The ultras’ performance is not restricted to ninety minutes at the weekend. It lives through regular interactions throughout the week through the traditional media, conversations and social media. The last of these has become an important public sphere where the way fans and ultras should act or react are debated and discussed. Social media is an important site of the ultras’ performance as the visual style permits groups to create a lasting image of themselves that extends far beyond the stadium and can be spread across the world.
Football fandom has historically been dominated by men. The ultras style, in particular, becomes a site of hegemonic masculinity where participants perform their understandings of gender. Many performances are explicitly masculine, incorporating defence of territory, status, physical and sexual dominance, and violence. These are symbolised in images of warriors, valorised transgressive acts, or images of fraternal solidarity. Each communicates that there is one type of (hegemonic) masculinity that encapsulates the group, in comparison to their feminised rivals. Yet there is nothing explicitly masculine about fandom. Female ultras participate in the rituals, yet also have to navigate the explicit masculinity on display.
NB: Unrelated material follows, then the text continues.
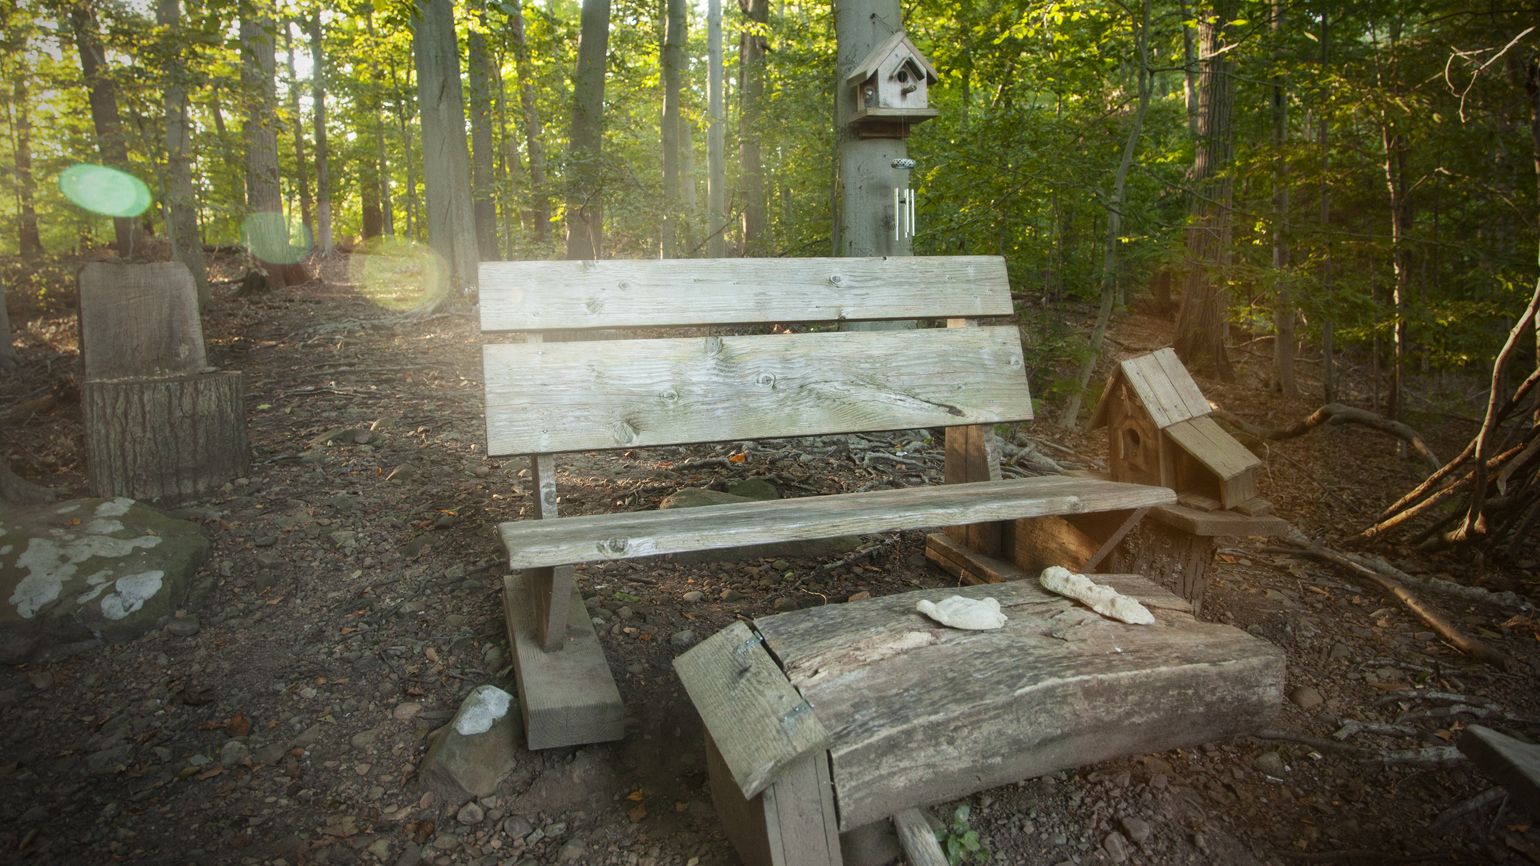 The Bench at Mabel’s Bluff in Short Hills, NJ.

Football studies are replete with analyses of hooliganism. Yet ultras are distinct from hooligans. The ‘English style’ of hooliganism has influenced ultras through greater match attendance at international tournaments. Yet violent incidents are still relatively rare. Increasingly, violence is symbolic and displayed in the overtly masculine choreographies and chants of the ultras. The gendered dimension of ultras fandom remains dominant as masculinity underpins much of the symbolic violence in the ultras’ performance.
Ultras grew out of a politically turbulent time in Italian history: the politics of the piazza were taken into the stadium. While some ultras groups retain some ideologically political outlooks, many consider themselves apolitical. Despite this, many still see themselves as nationalist, reflecting the normalcy of the nation-state. Often these descend into racism as groups assert the desired image of their club, nation or region. Few ultras groups follow explicitly ideological politics of left or right. Yet all groups are engaged in football politics and challenging the increased regulation, restriction and criminalisation of many of their activities. This is collected under the banner of ‘Against Modern Football’, which acts as a unifying element of the ultras style. Consequently, the ultras can be considered one of the largest social movements in the world.
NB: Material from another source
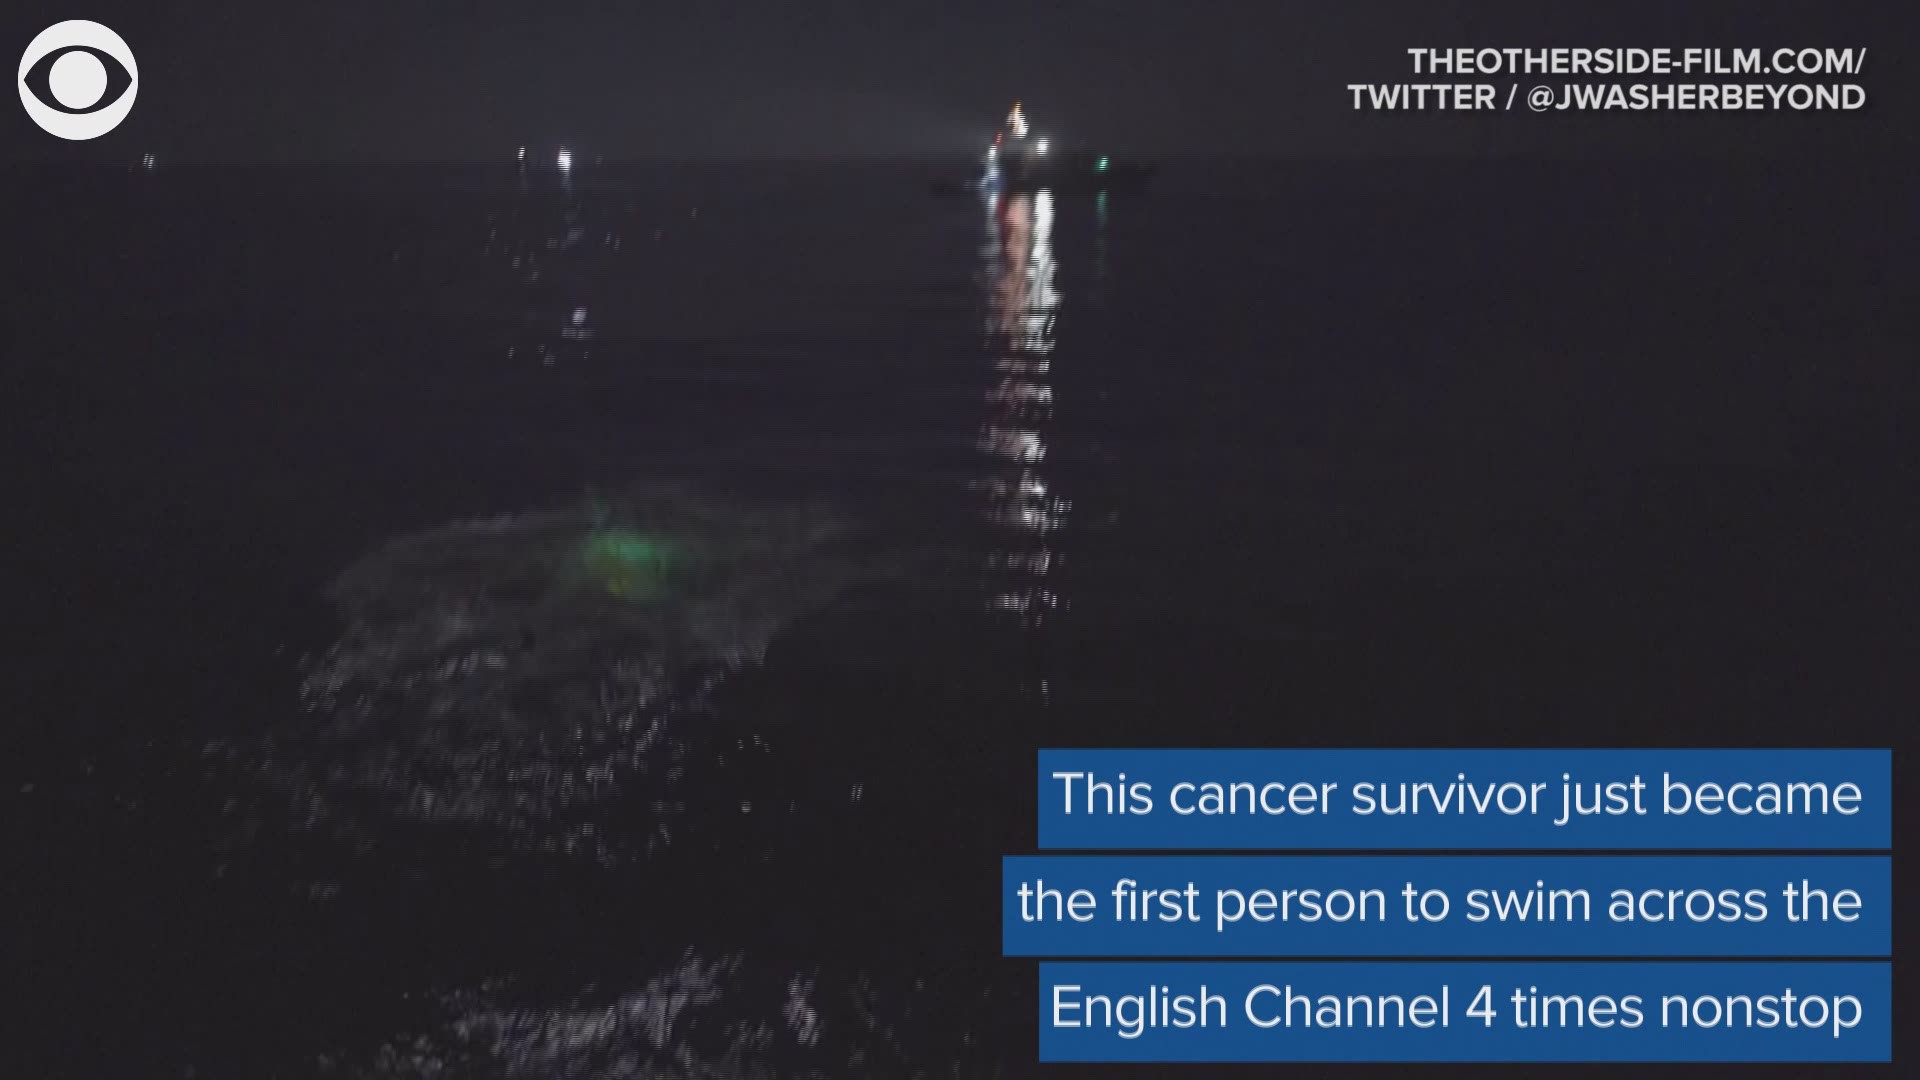 An American cancer survivor just broke a record after swimming across the English Channel 4 times in a row.

The ultras reflect a paradox in contemporary football. On the one hand, increasingly commercial clubs enjoy the passion, colour and spectacle that the ultras provide through their performances and this helps market their clubs. On the other, clubs and authorities seek to regulate certain aspects of ultras’ behaviour, including violence, anti-social chanting, use of pyrotechnics and anything that challenges their power. This conflict unifies and emotionally sustains the ultras and provides a critical focus for their activities. These emotions fuel the politics of the social movement of Against Modern Football. In effect, it creates what Albert Camus called a ‘fatal embrace’ where both sides are incapable of uniting and are willing to fight until the end.